OK, but specifically you might want to acquire the DNA markers for the Plott hound, a relatively unknown breed just recently recognized by the AKC. They have quite a few characteristics distinctive to their breed, both appearance and mannerisms.
Jesse Thanks for your explanation. I had my mixed breed dog's DNA tested. I was skeptical of their accuracy, after I received the results. Your explanation helped explain why their results seemed so off. Pat
I have been thinking about this, and the bit about "indemnify and hold harmless", and would like to suggest that, when and if you give breed results, you phrase it carefully. Apparently, there has been at least one case where someone did a breed test on a registered purebred, and it came back stating that one of the grandparents was not that breed, even though the breeder swore up and down that they were.
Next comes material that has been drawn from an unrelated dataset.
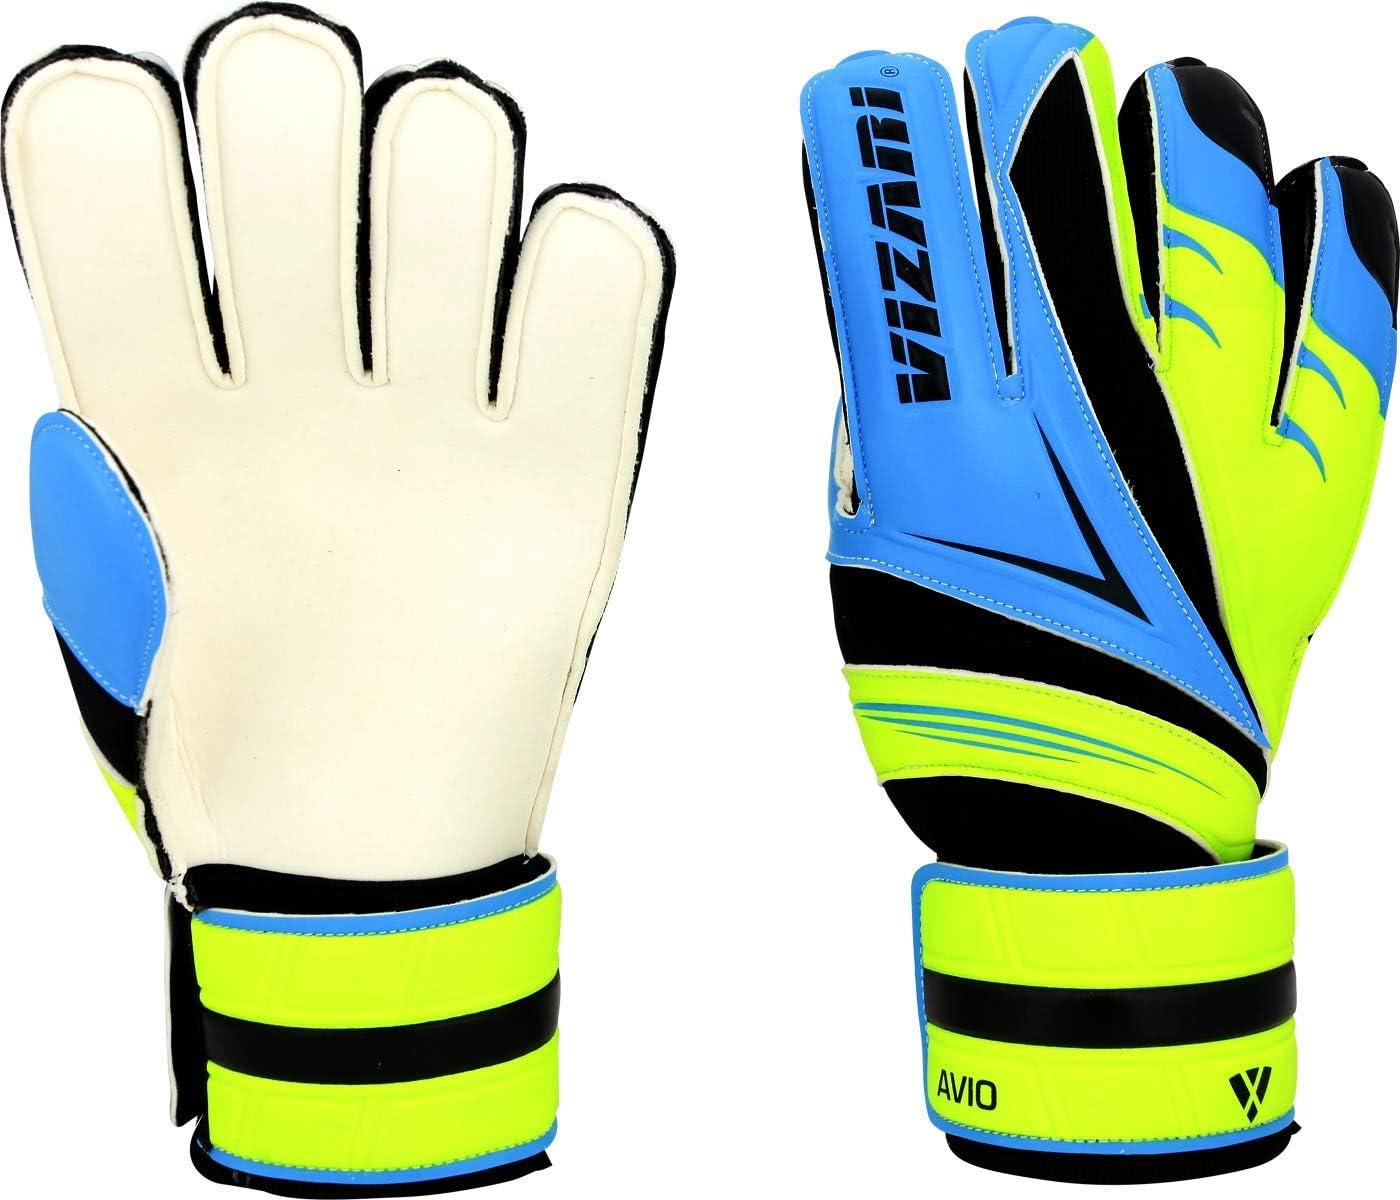 Vizari Avio Fixed price for sale Glove Max 45% OFF F.R.F
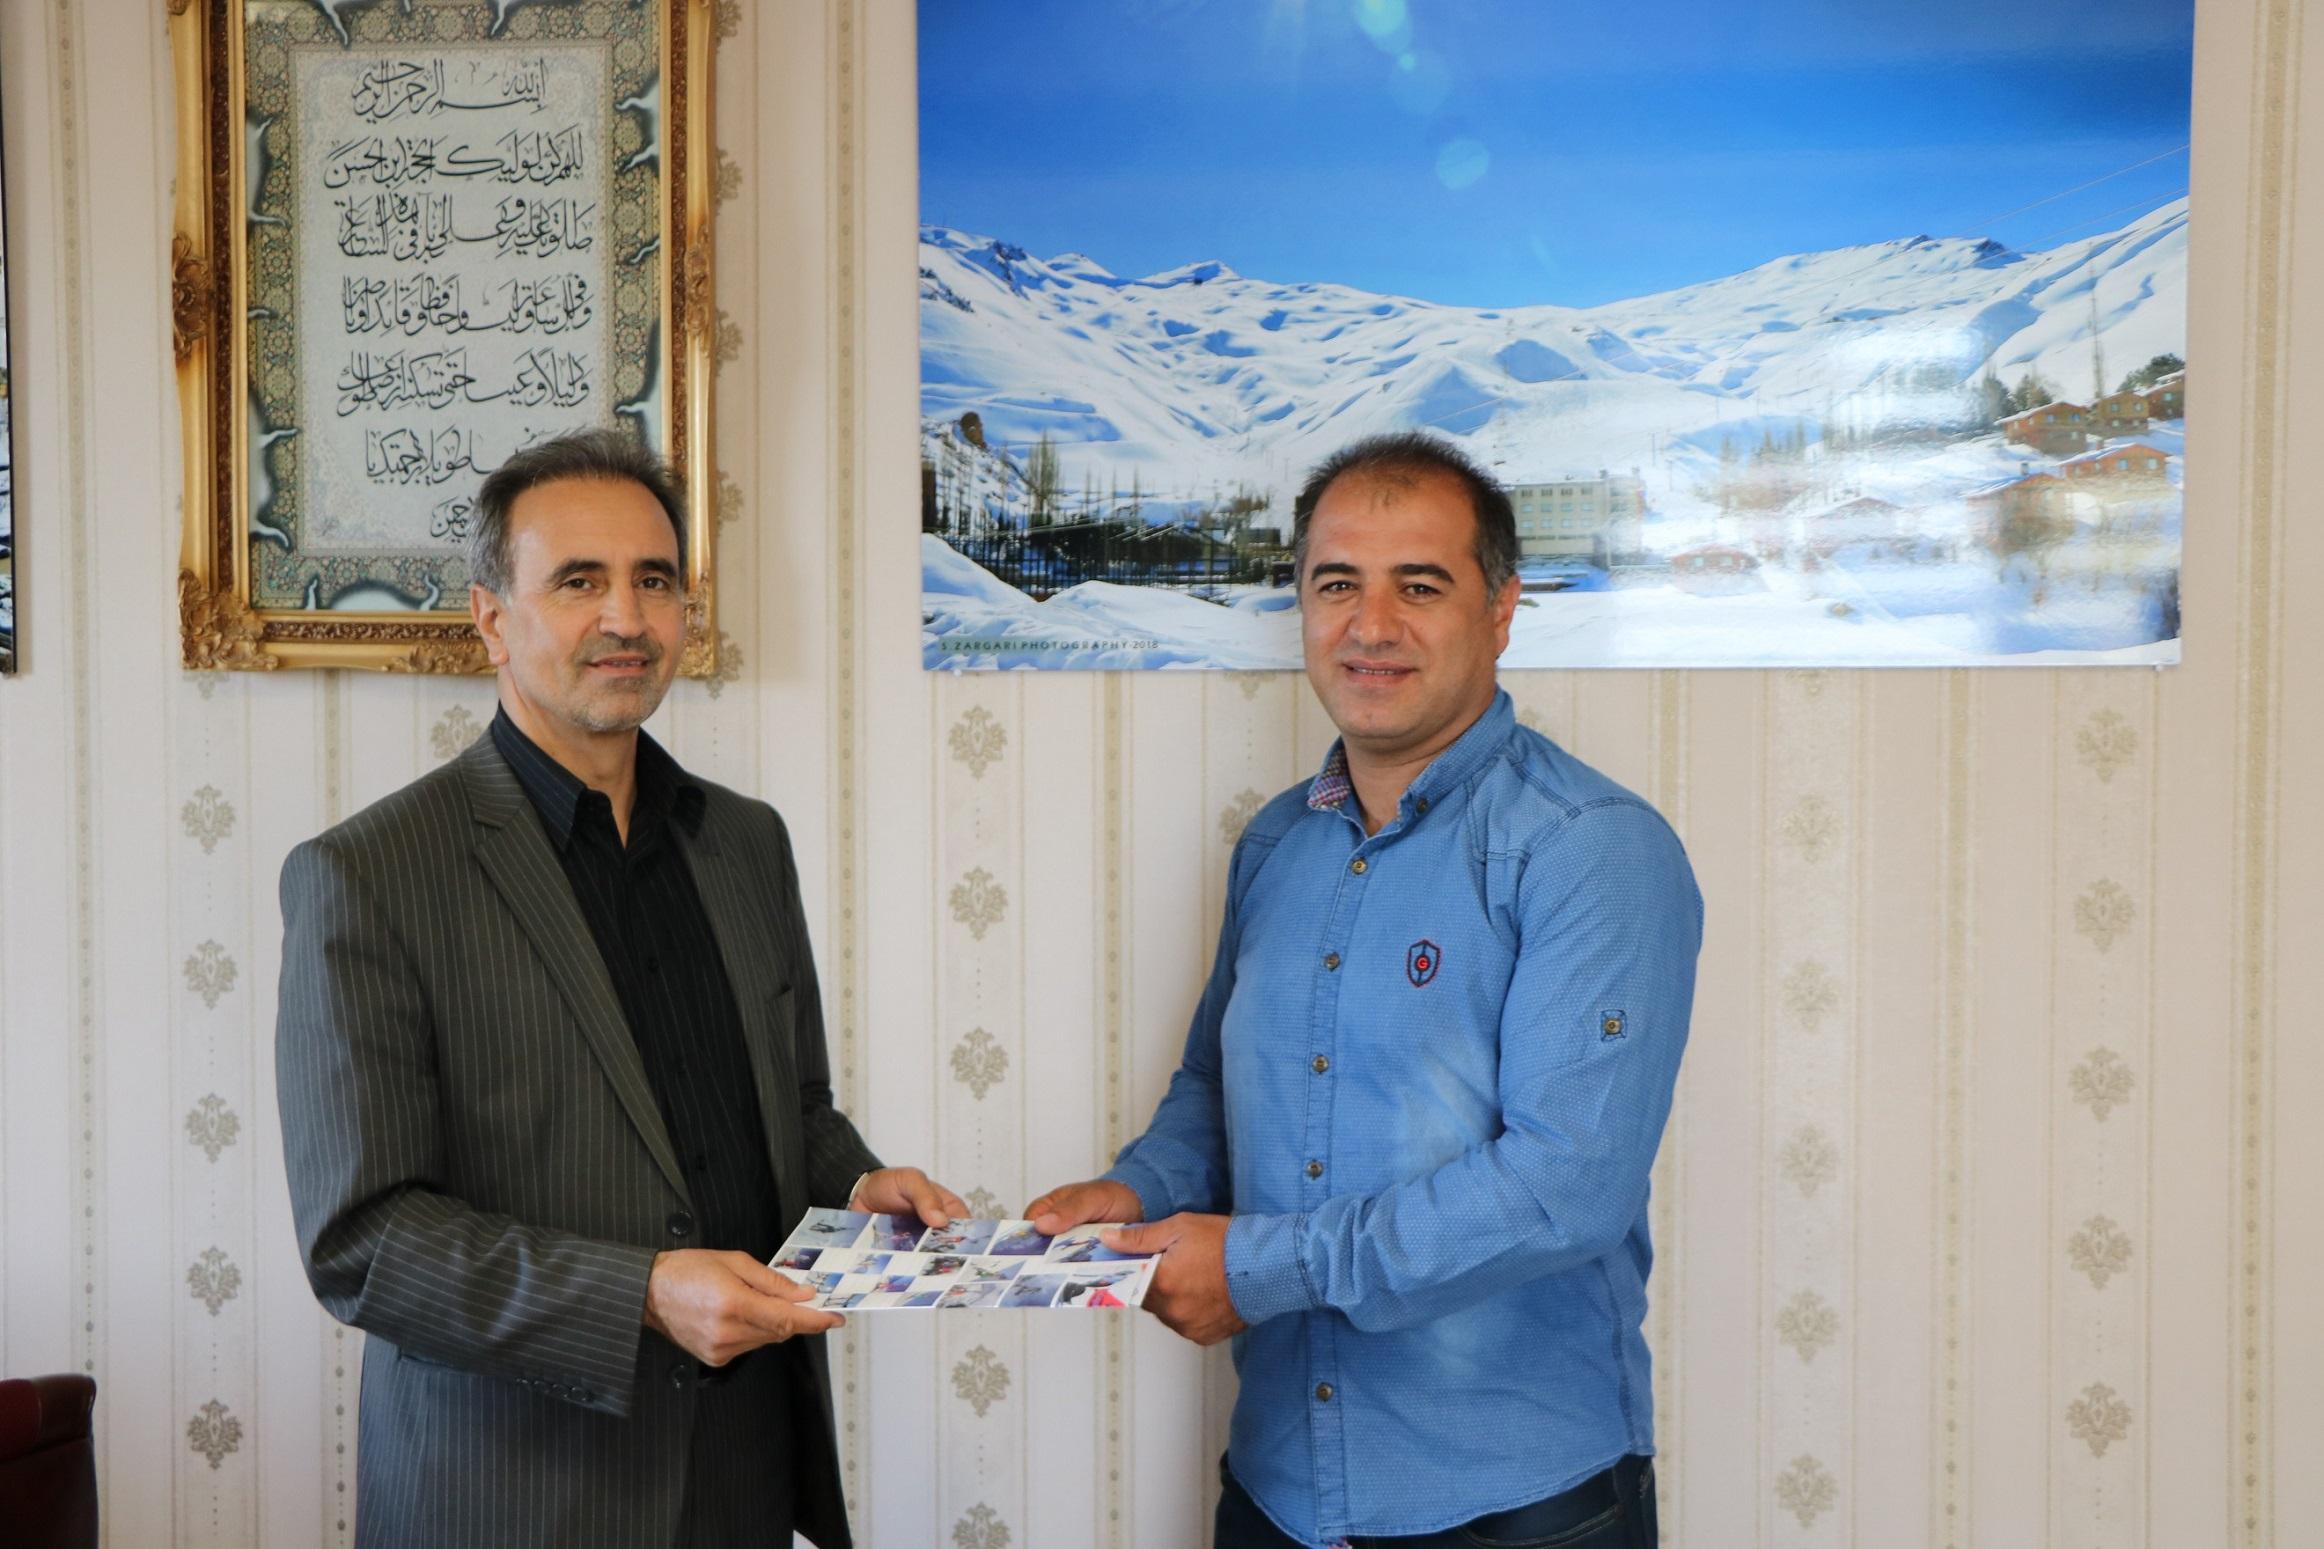 کلهر، سرمربی جدید تیم ملی اسکی آلپاین ایران شد

It is possible that the breeder was lying, but it is also possible that one of the grandparents just had gene-positions-that-aren't-as-common in that breed. They were forced to declare that dog, and all of the dogs of that line, as non-purebred, and that caused them a lot of problems since many of the dogs had been bought for showing and breeding. When I did the Wisdom panel, they clearly stated that there could be issues with the breed identifications if there were large differences between the field lines and show lines, or between American and European populations of the breed. So, I would suggest that, instead of saying something like "your dog is 25% German Shepherd, 50% Chihuahua, and 25% Lab" you go with wording like "X% of your dogs genetic markers are similar to those found in breed..." Because, as I understand the system and statistics, it is statistically possible that there is a purebred dog out there that has none of the common breed markers, and just as statistically possible that there is some random mutt that has all of a breed's common markers. Statistics being what they are, it's a very very very rare possibility, but still, not impossible. So, just to cover yourself, and be clear on what the information shows, I would phrase the results very carefully.